Context. Together with gravity, turbulence, and stellar feedback, magnetic fields (B-fields) are thought to play a critical role in the evolution of molecular clouds and star formation processes. The polarization of thermal dust emission is a popular tracer of B-fields in star-forming regions. Aims. We aim to map the morphology and measure the strength of B-fields of the nearby molecular cloud, rho Ophiuchus-A (rho Oph-A), to understand the role of B-fields in regulating star formation and in shaping the cloud. Methods. We analyzed the far-infrared (FIR) polarization of thermal dust emission observed by SOFIA/HAWC+ at 89 and 154 mu m toward the densest part of rho Oph-A, which is irradiated by the nearby B3/4 star, Oph-S1. These FIR polarimetric maps cover an area of similar to 4.5 ' x 4.5 ' (corresponding to 0 ''.18 x 0 ''.18 pc(2)) with an angular resolution of 7.8 '' and 13.6 '' respectively.
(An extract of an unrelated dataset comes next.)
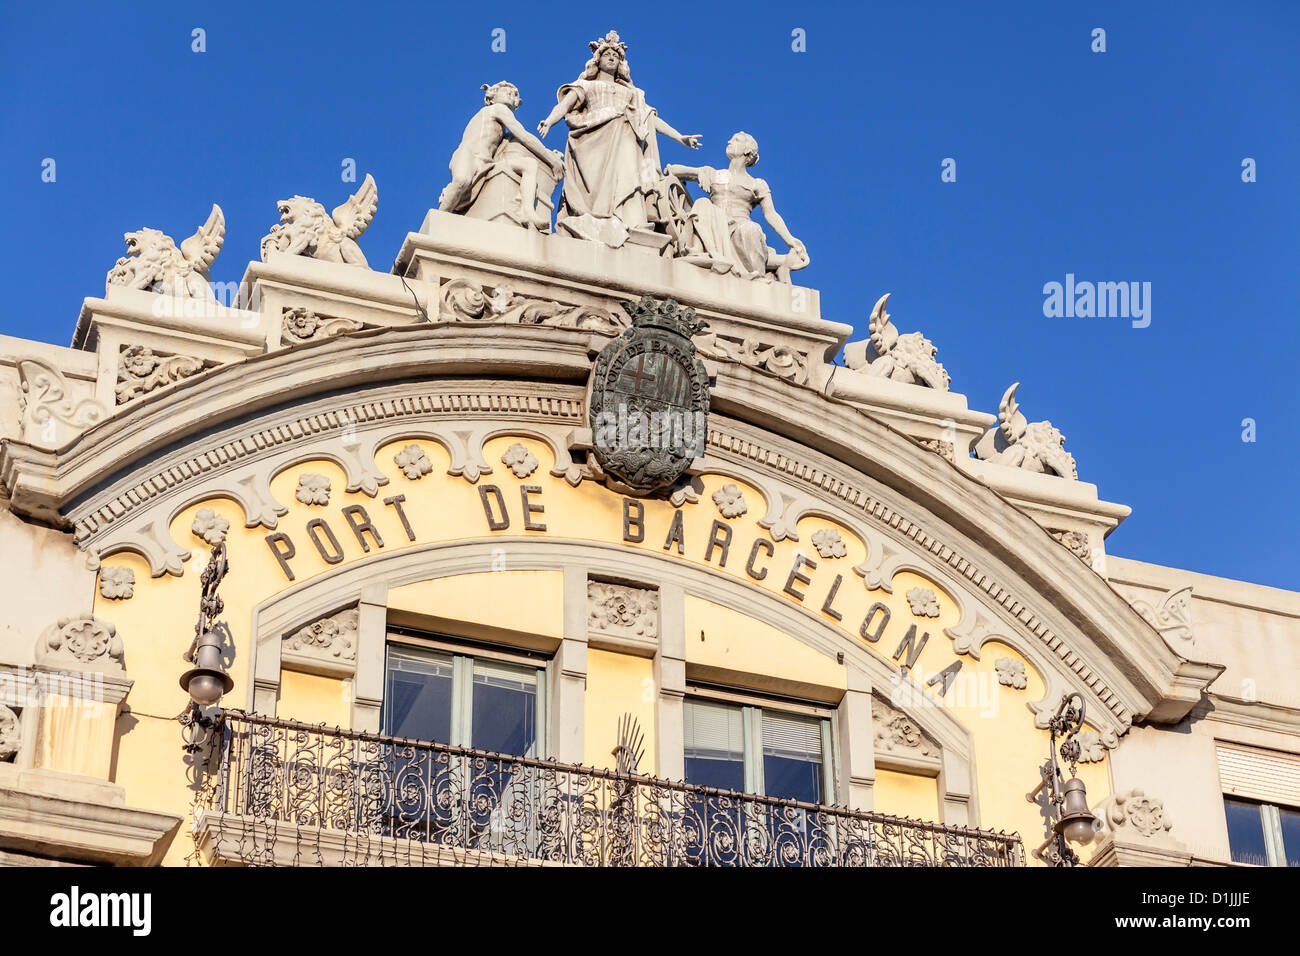 barcelona,catalonia,spain Stock Photo

Results. The rho Oph-A cloud exhibits well-ordered B-fields with magnetic orientations that are mainly perpendicular to the ridge of the cloud toward the densest region. We obtained a map of B-field strengths in the range of 0.2-2.5 mG, using the Davis-Chandrasekhar-Fermi (DCF) method. The B-fields are strongest at the densest part of the cloud, which is associated with the starless core SM1, and then decrease toward the outskirts of the cloud. By calculating the map of the mass-to-flux ratio, Alfven Mach number, and plasma beta parameter in rho Oph-A, we find that the cloud is predominantly magnetically sub-critical, sub-Alfvenic, which implies that the cloud is supported by strong B-fields that dominate over gravity, turbulence, and thermal gas energy. The measured B-field strengths at the two densest subsregions using other methods that account for the compressible mode are relatively lower than that measured with the DCF method. However, these results do not significantly change our conclusions on the roles of B-fields relative to gravity and turbulence on star formation. Our virial analysis suggests that the cloud is gravitationally unbound, which is consistent with the previous detection of numerous starless cores in the cloud. By comparing the magnetic pressure with the radiation pressure from the Oph-S1 star, we find that B-fields are sufficiently strong to support the cloud against radiative feedback and to regulate the shape of the cloud.